_WORK TO COMPLETE_
Take the line with "Faux Wood Frame Bathroom Vanity - Tan" and every line after it, through the end of the listing, and give them again exactly, pictures excluded.

_PROVIDED MATERIAL_
== == ==
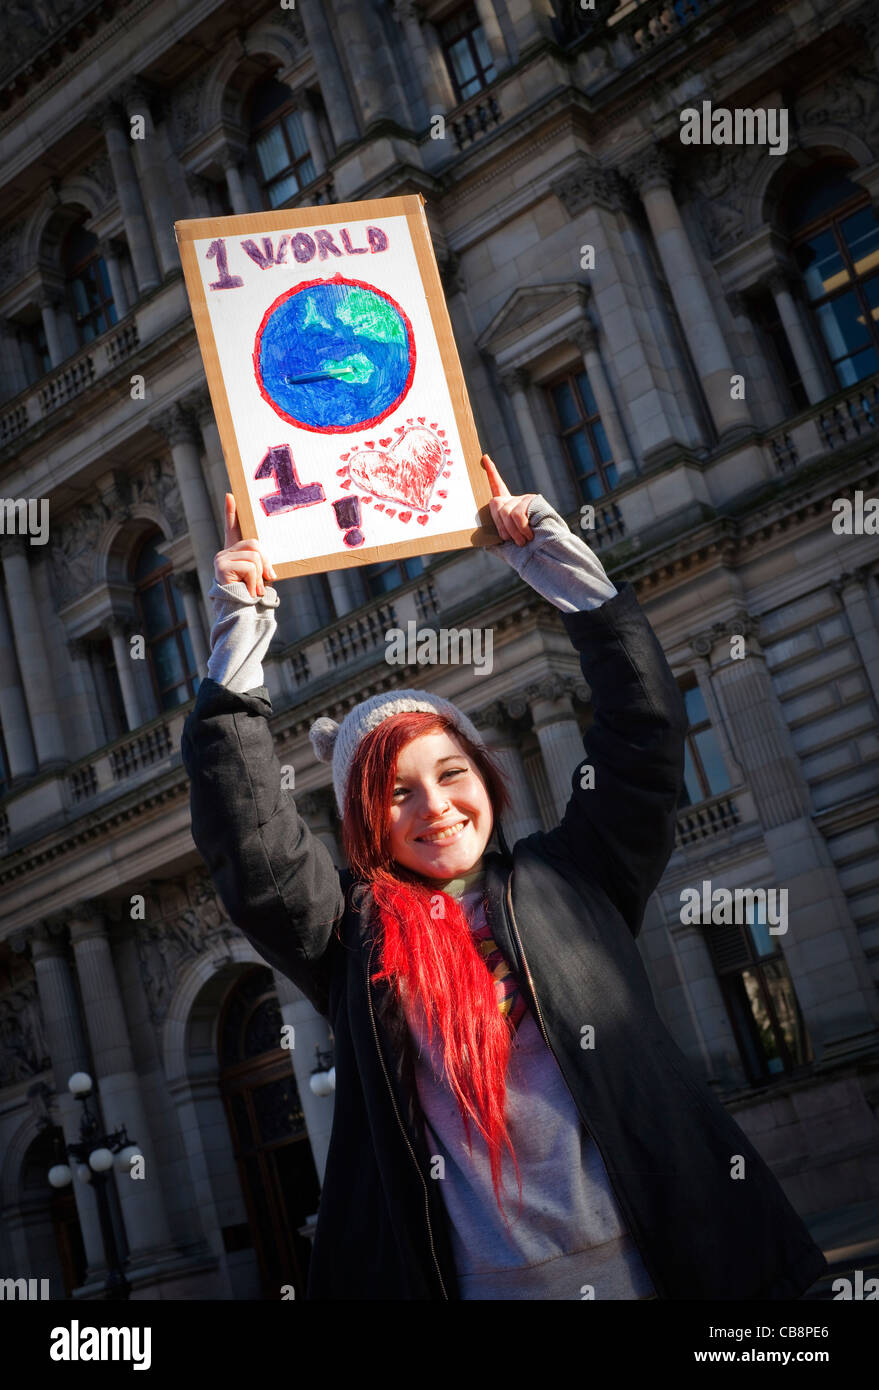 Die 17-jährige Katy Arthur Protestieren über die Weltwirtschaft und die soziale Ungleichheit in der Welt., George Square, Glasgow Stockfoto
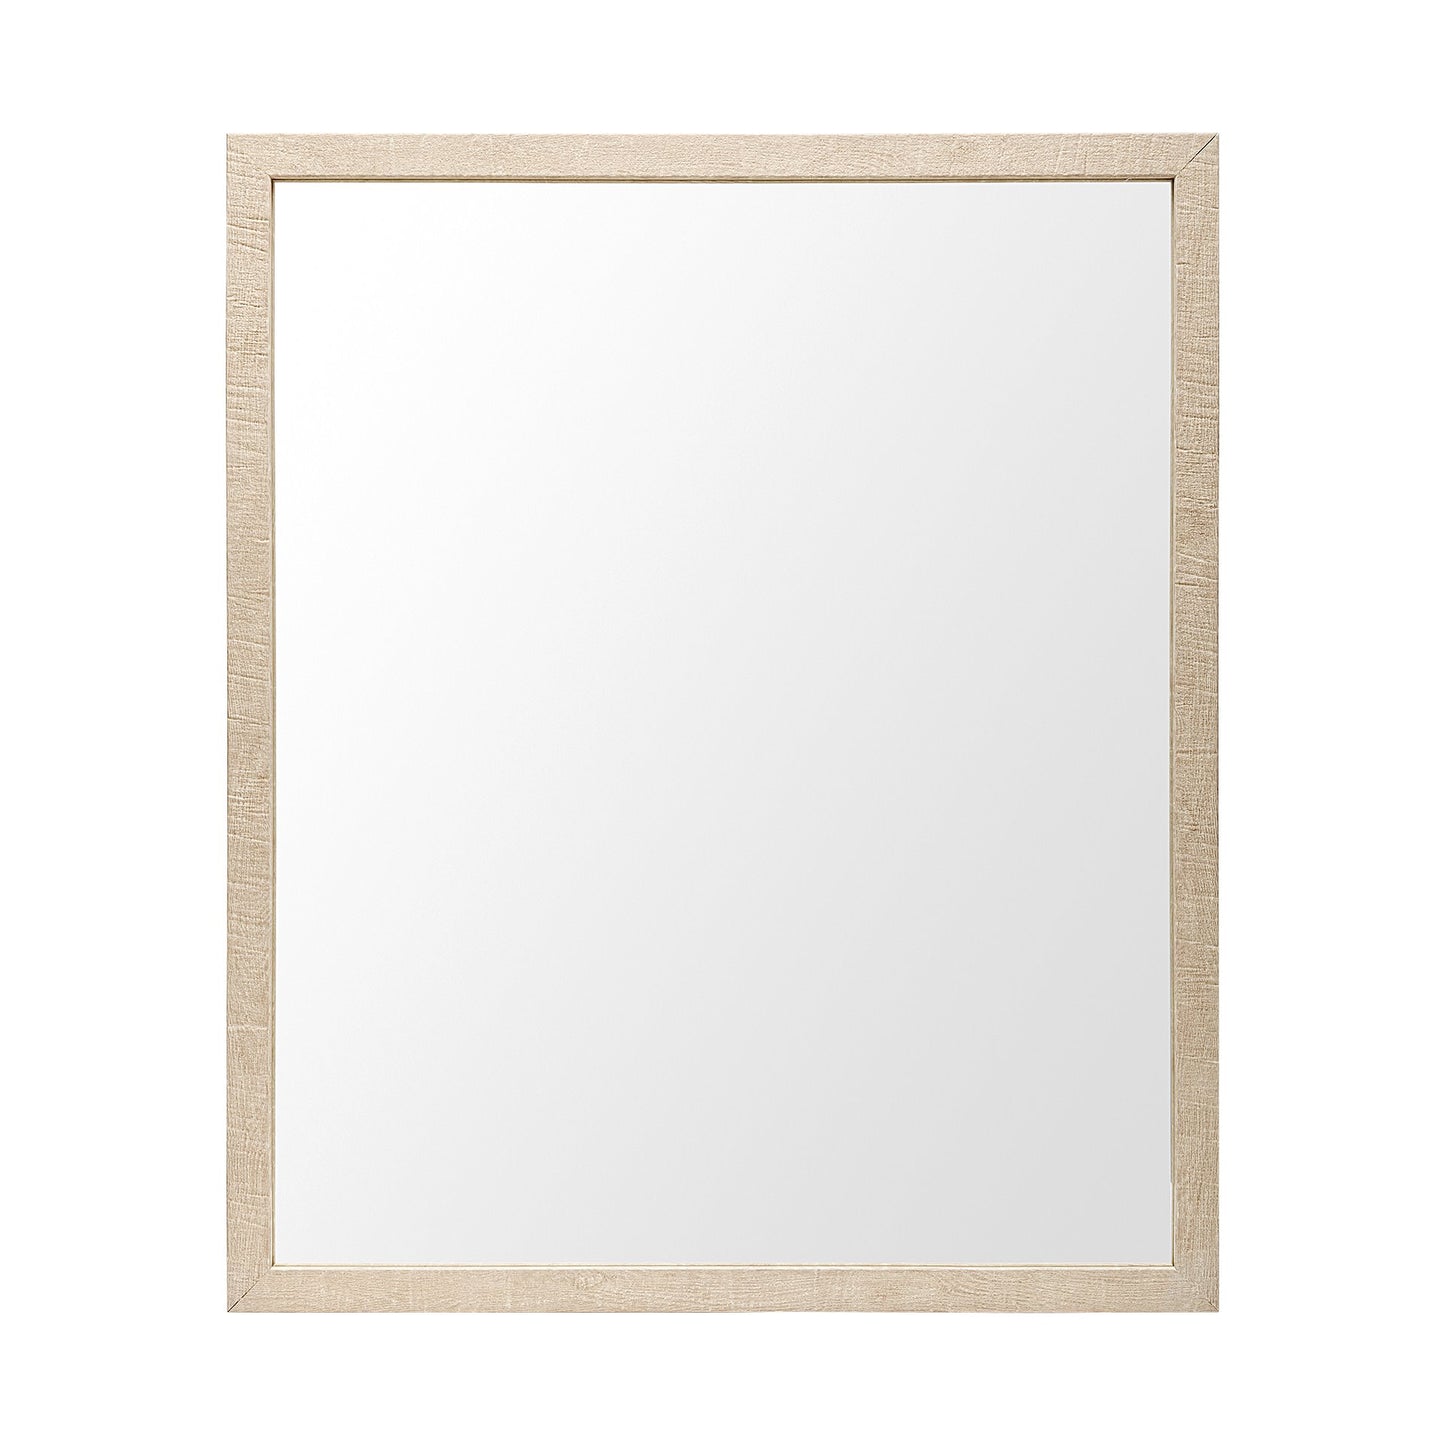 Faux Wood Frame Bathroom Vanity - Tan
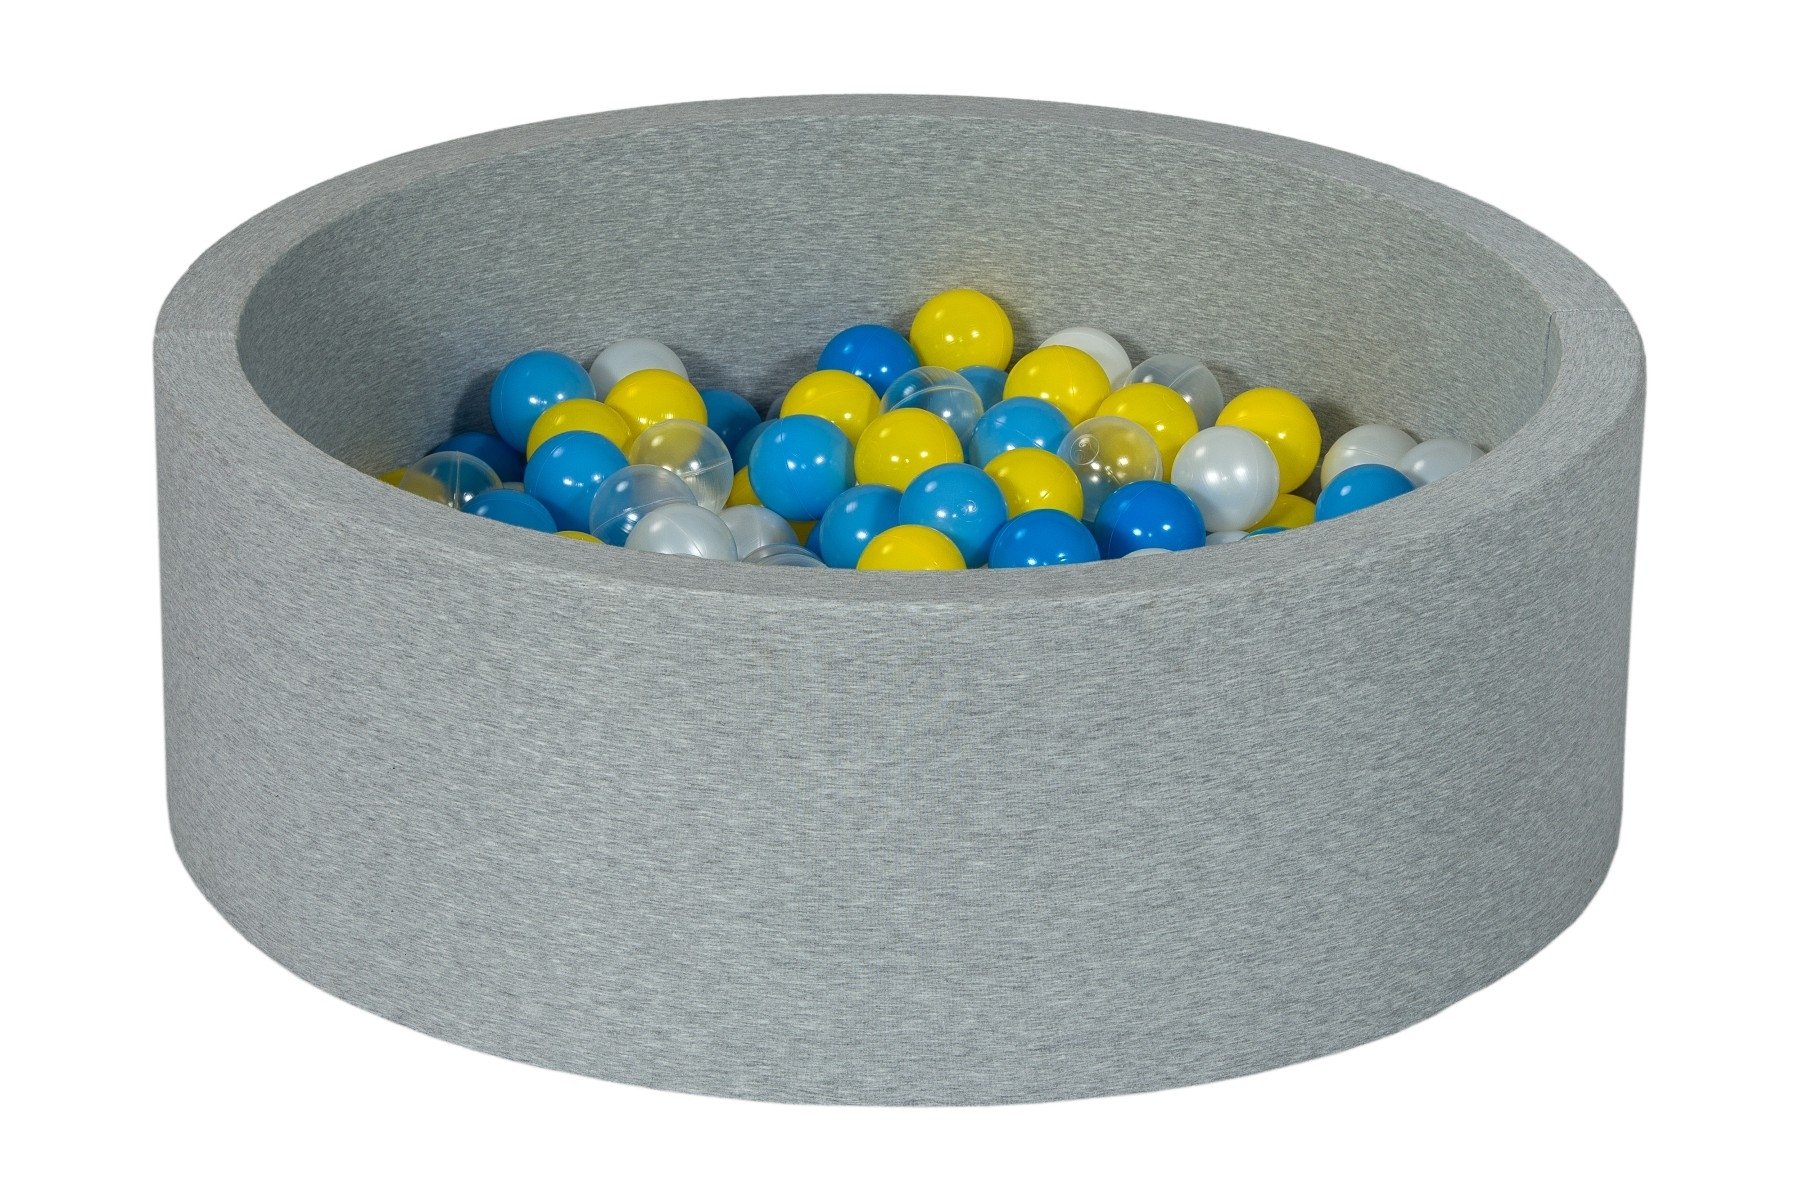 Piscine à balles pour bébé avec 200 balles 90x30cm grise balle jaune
== == ==
_ANSWER BOX_
 Faux Wood Frame Bathroom Vanity - Tan
 Piscine à balles pour bébé avec 200 balles 90x30cm grise balle jaune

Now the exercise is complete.